I've been going to a Perky Blenders cafe recently based in Walthamstow N/E london they have cafes in Leytonstone and Leyton East London. The coffees cappa or lattes are £2.90 wich is a bit pricey but what makes it a bargain I think is that they sell there own beans in the cafes roughly £7.00 for there blend of the month or decaf and when purchasing a bag of beans you get a free coffee and every now and again they do two coffees per bag of beans so i though I'd give a shout out for any one local to get a bargain and a nice coffee.


----------



## MC1 (Jul 2, 2018)

I've used their bean mail order service recently and can also recommend them. Plus, what a clever name!


----------



## pips (Aug 3, 2012)

I can't seem to find them anymore.

Where they not located on Blackhorse Rd ??


----------



## Riz (Oct 19, 2015)

@pips they have a shop on Leyton high road, as well a small branch at leytonstone underground station.

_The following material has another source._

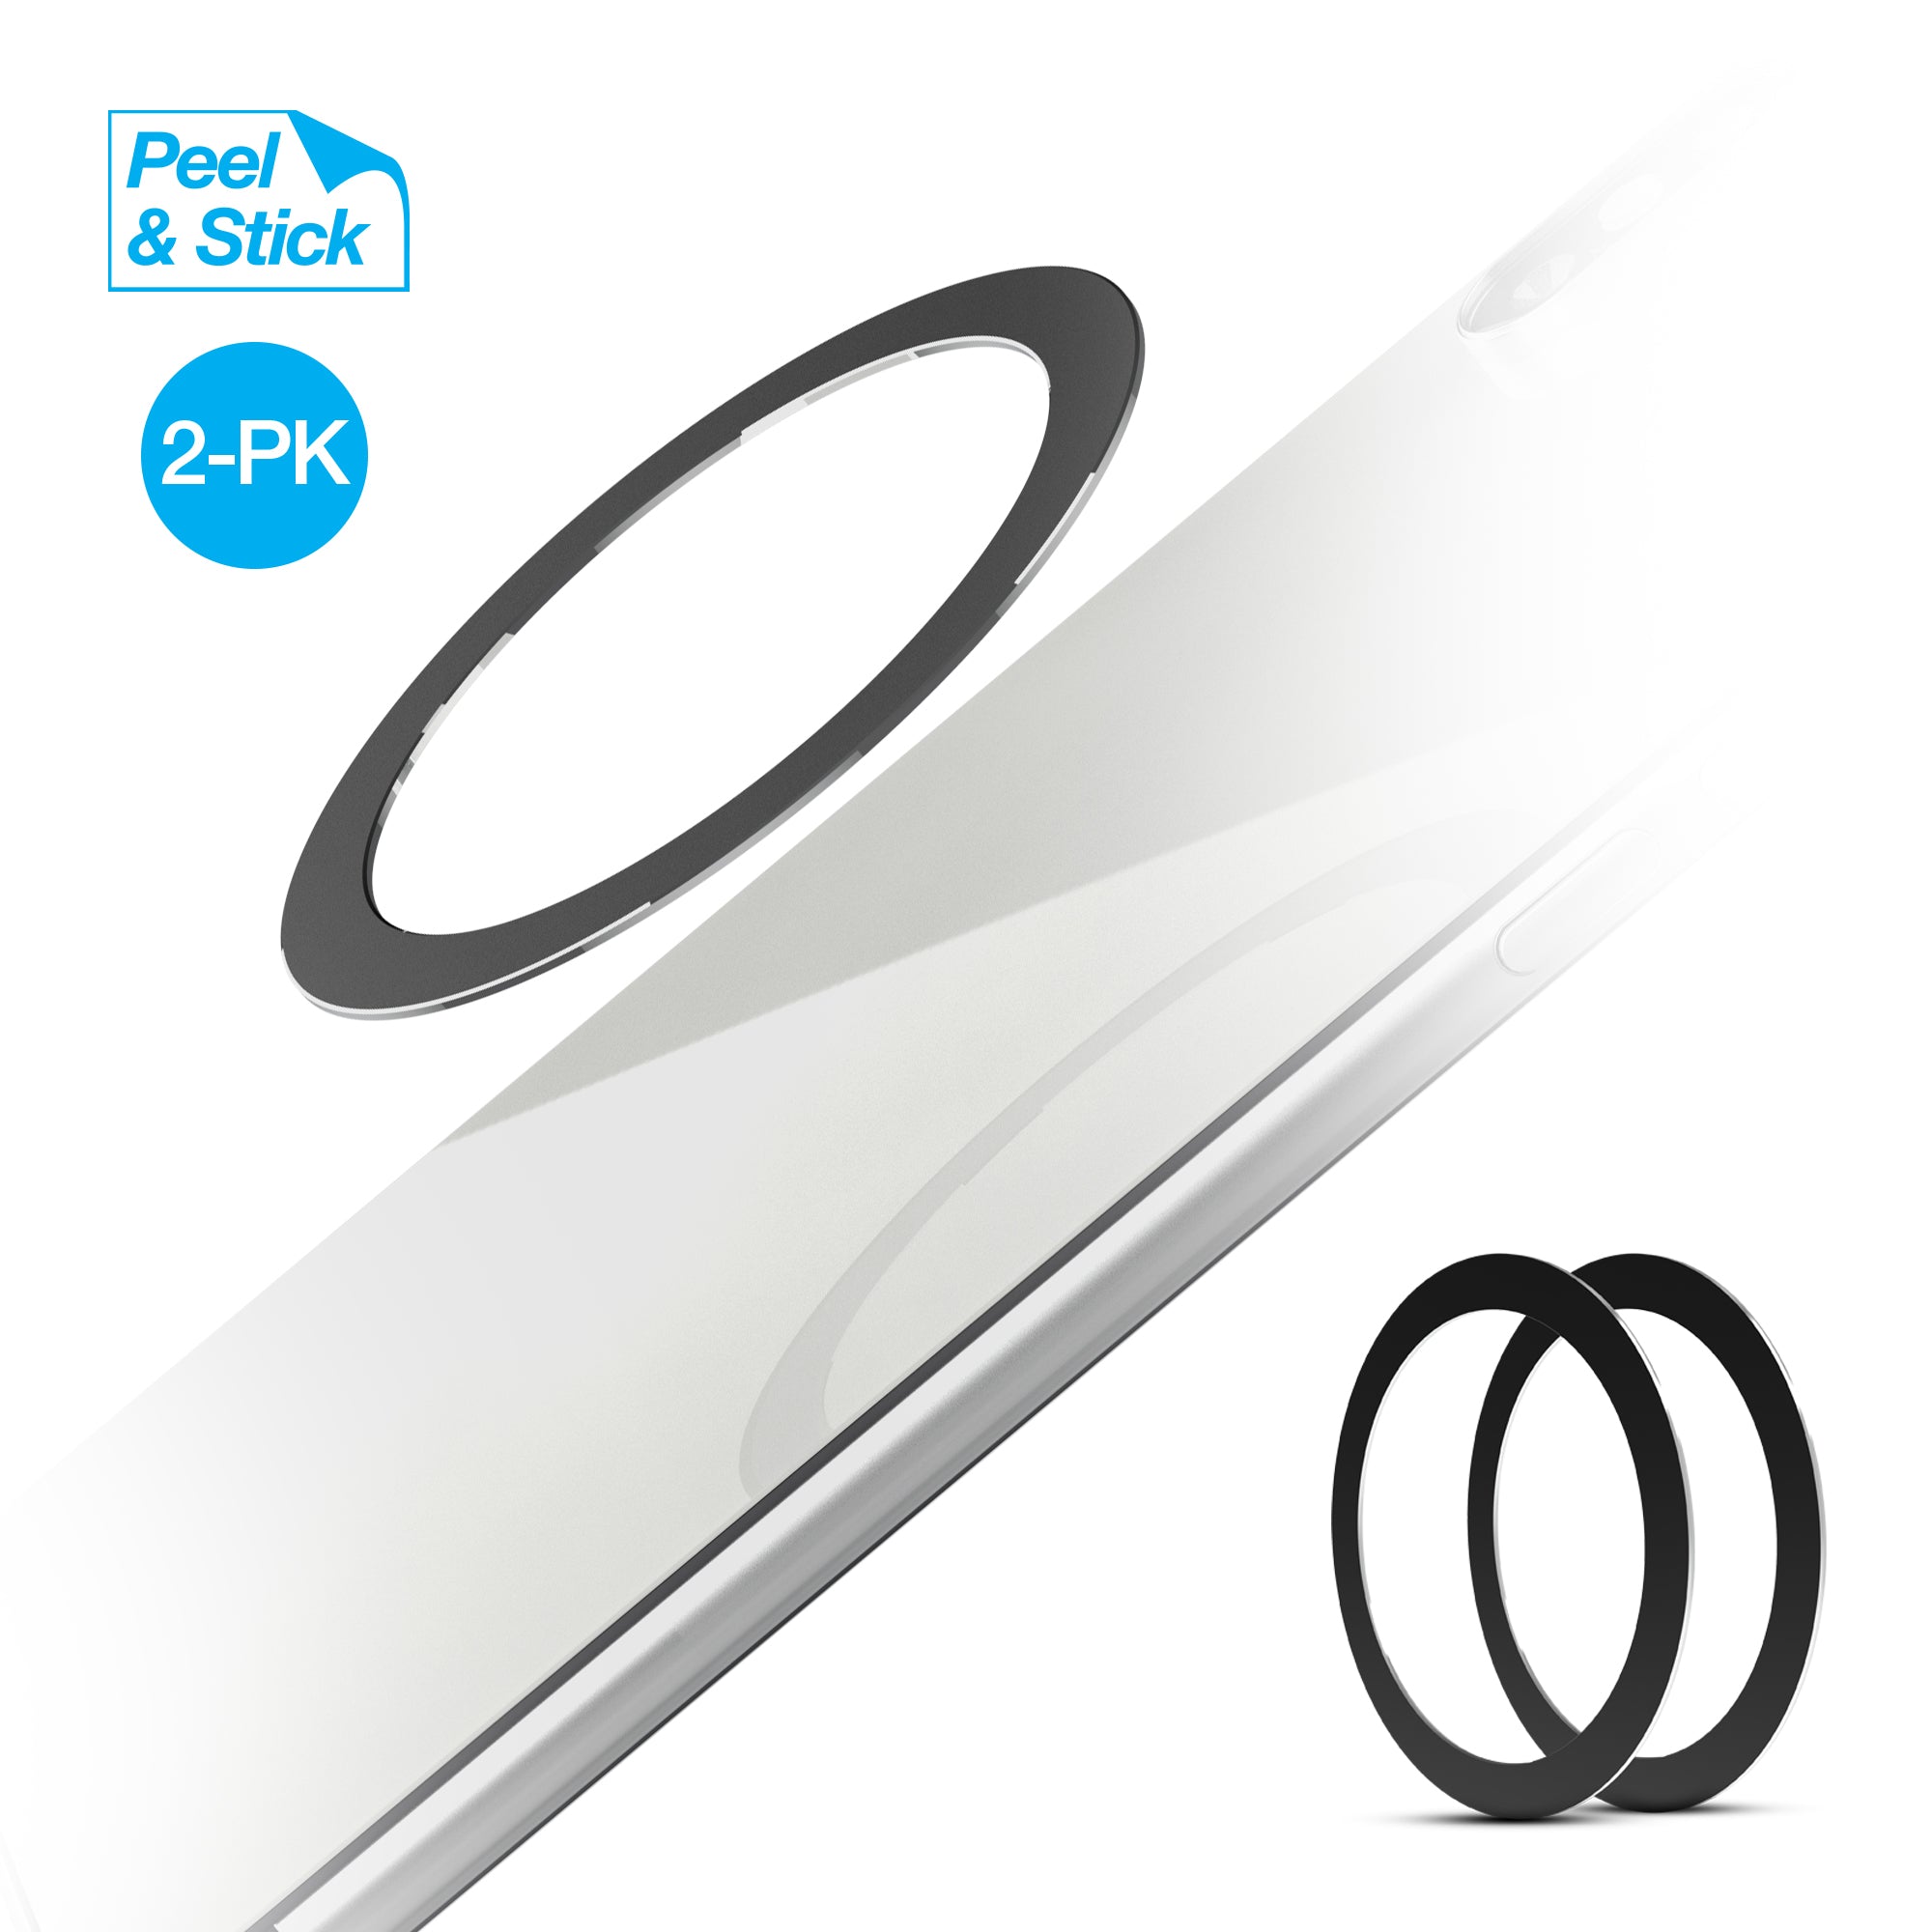 MagSafe Magnetic Ring - iPhone & Android 2-Pack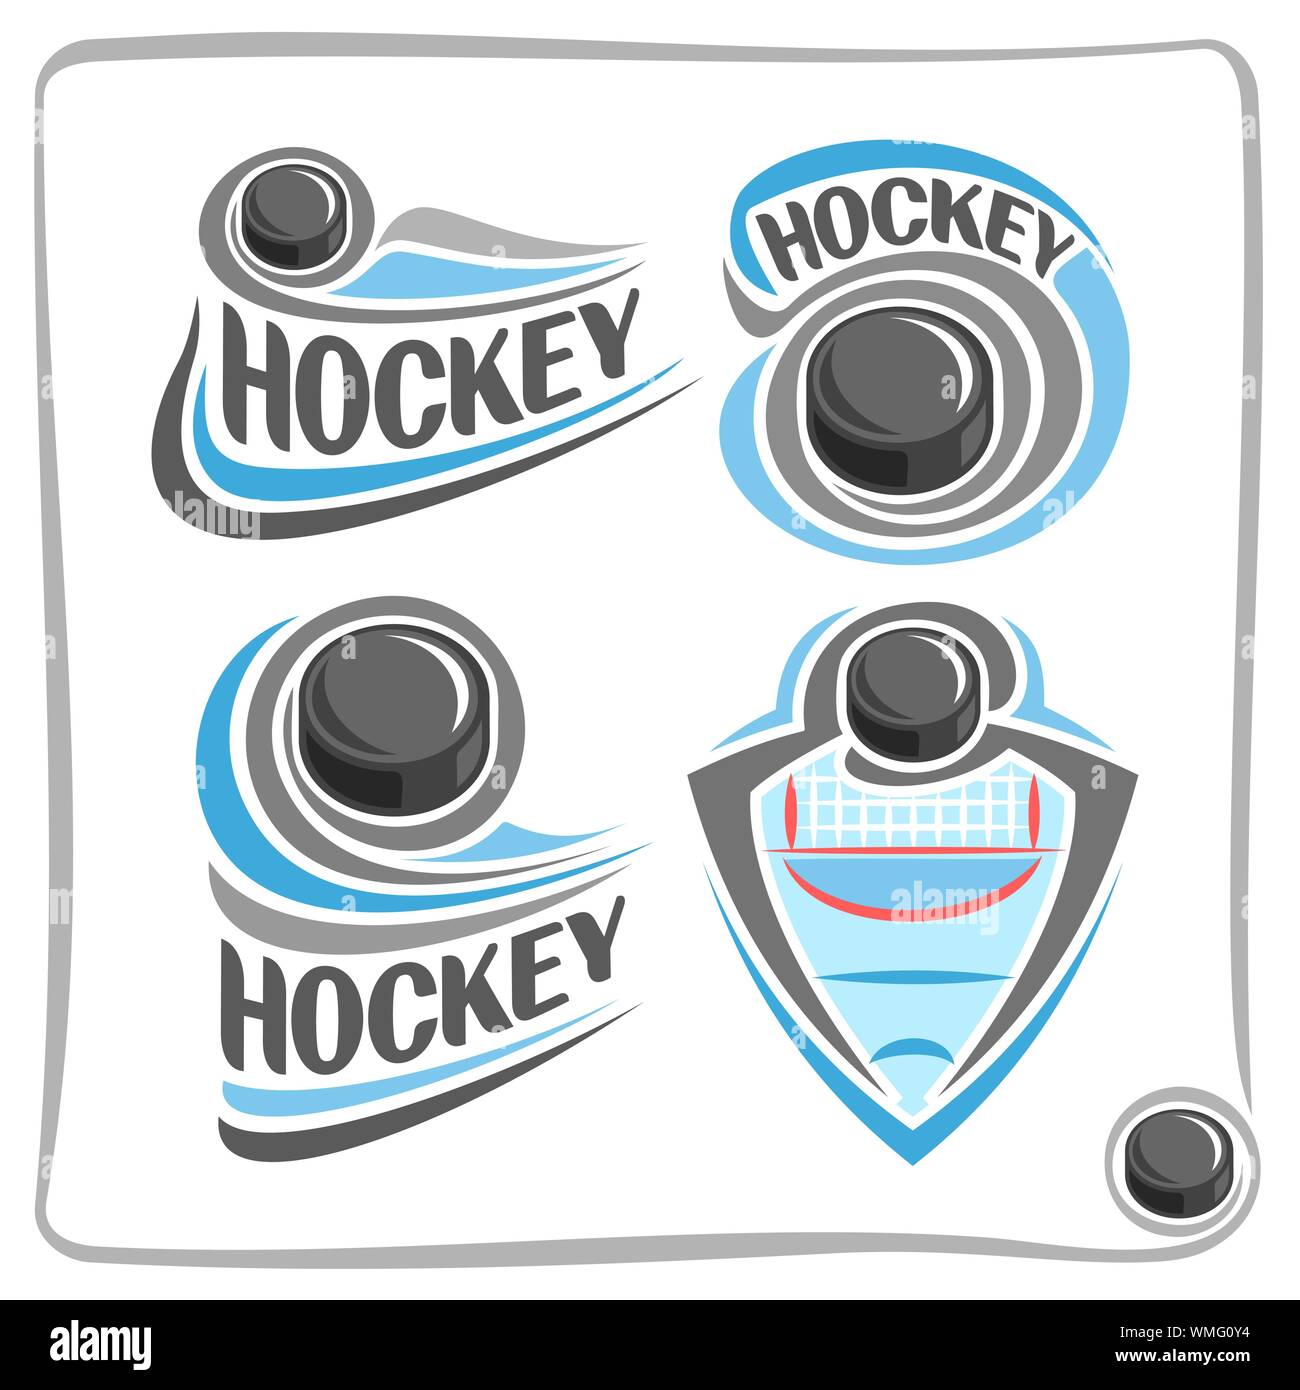 Vector abstract logo for Ice Hockey, signs for sports club, simple hockey puck flying above ice rink in goal gate with net, isolated sporting icons on Stock Vector

Also have a cafe at what used to the be the Waltham forest magistrates' court. Picked up a nice Honduras single origin from them last week. Great offer


----------



## pips (Aug 3, 2012)

Riz said:


> @pips they have a shop on Leyton high road, as well a small branch at leytonstone underground station. Also have a cafe at what used to the be the Waltham forest magistrates' court. Picked up a nice Honduras single origin from them last week. Great offer


Thanks for the info Riz, seems like I'll have to pop in on my day off.


----------



## nico_water (Dec 26, 2018)

Another shout out for PB - great beans. I've had them deliver same day as ordering too


----------